The “AI safety” field is about two things: marketing AIs as so powerful that they’re risky to use but riskier to get left behind by competitors using, and keeping AIs from doing so much brand damage that stock price suffers. This story is about marketing an AI as powerful.

panda_abyss@lemmy.ca · 2 days ago

I don’t know what the hell has happened, but some of these people are basically human jellyfish.
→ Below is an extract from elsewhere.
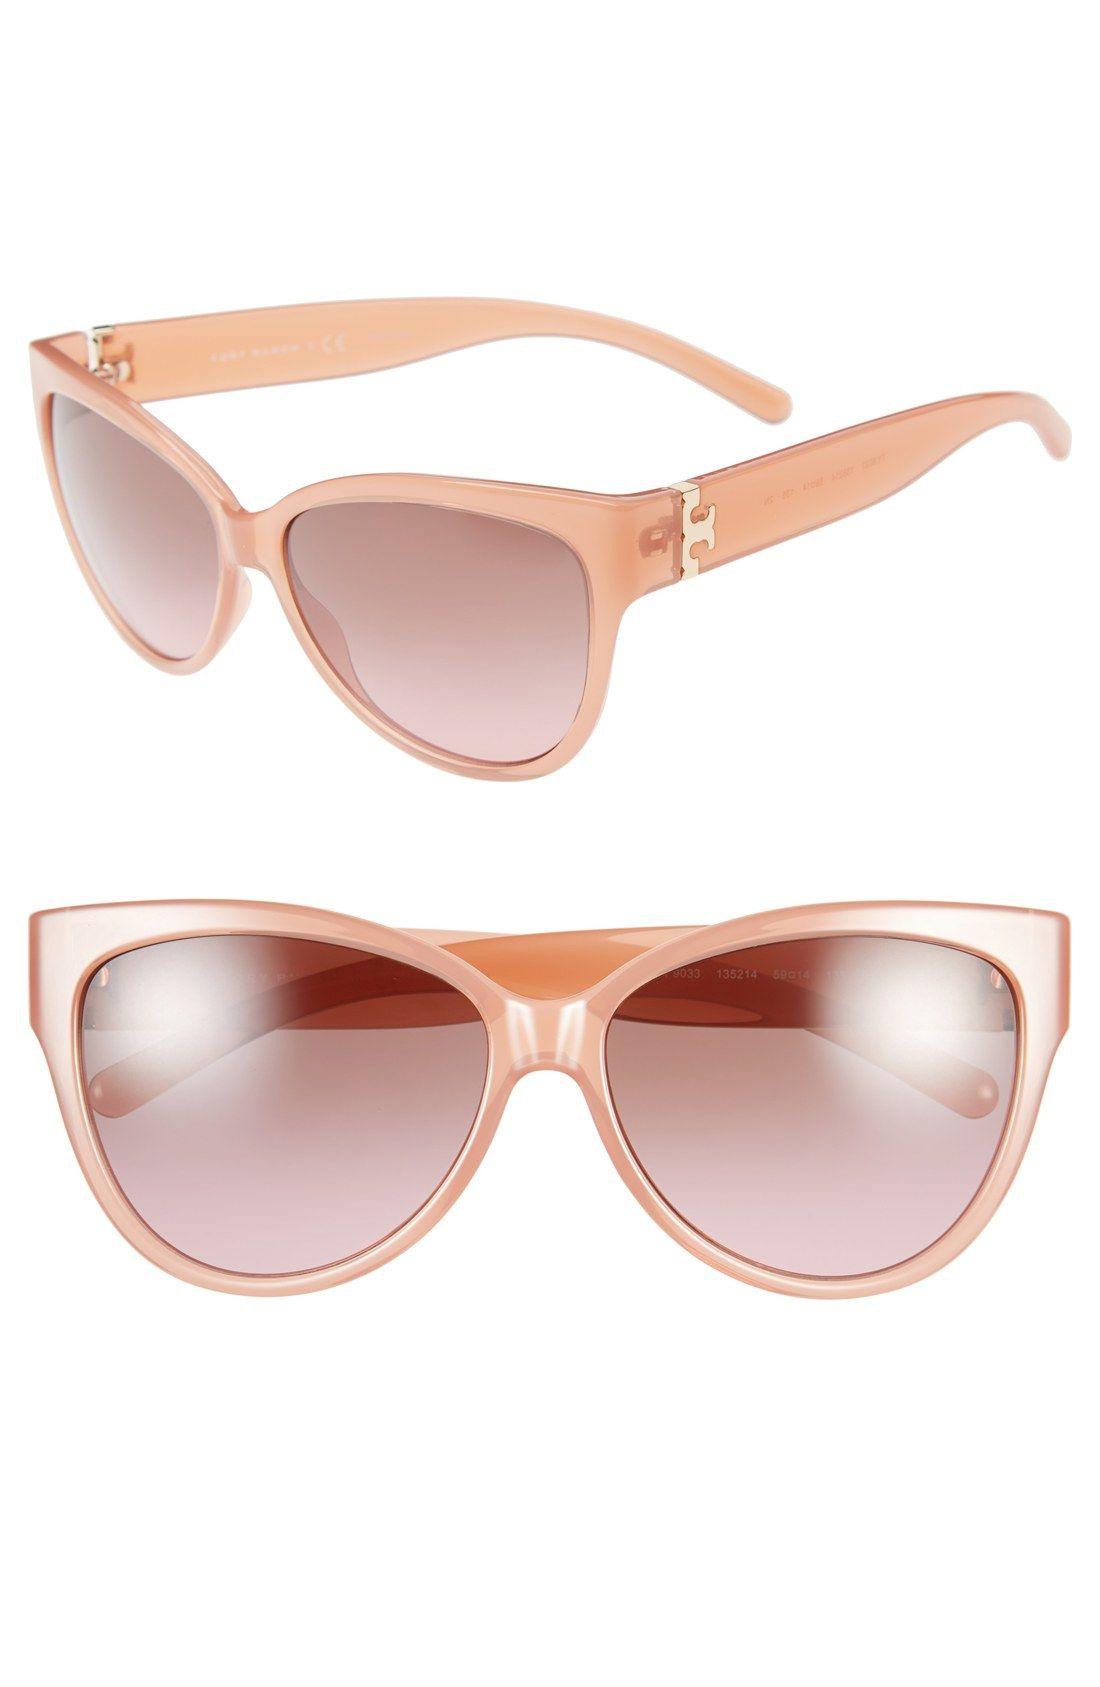 908160f14e0d Loving these pink Tory Burch cat eye sunglasses! | Stylin ...

Big tech is full of them now.

No thought enters their mind, but they dodge the layoffs and the PIPs and get promoted like this.

I don’t fucking get it.

GreenBeard@lemmy.ca · 2 days ago

It’s just the natural progression of a disease that spreads outwards from Management. The bosses want yes-men, not people capable of independent thought.

SkyeStarfall@lemmy.blahaj.zone · 2 days ago

In other words, it’s why authoritarianism always fail

And capitalism is very specifically not a democratic economic system. There’s a hierarchy. The owners are the ones in power

criss_cross@lemmy.world · 2 days ago

If I was a director of AI safety I wouldn’t let openclaw within 100feet of anything. Let alone my work machine.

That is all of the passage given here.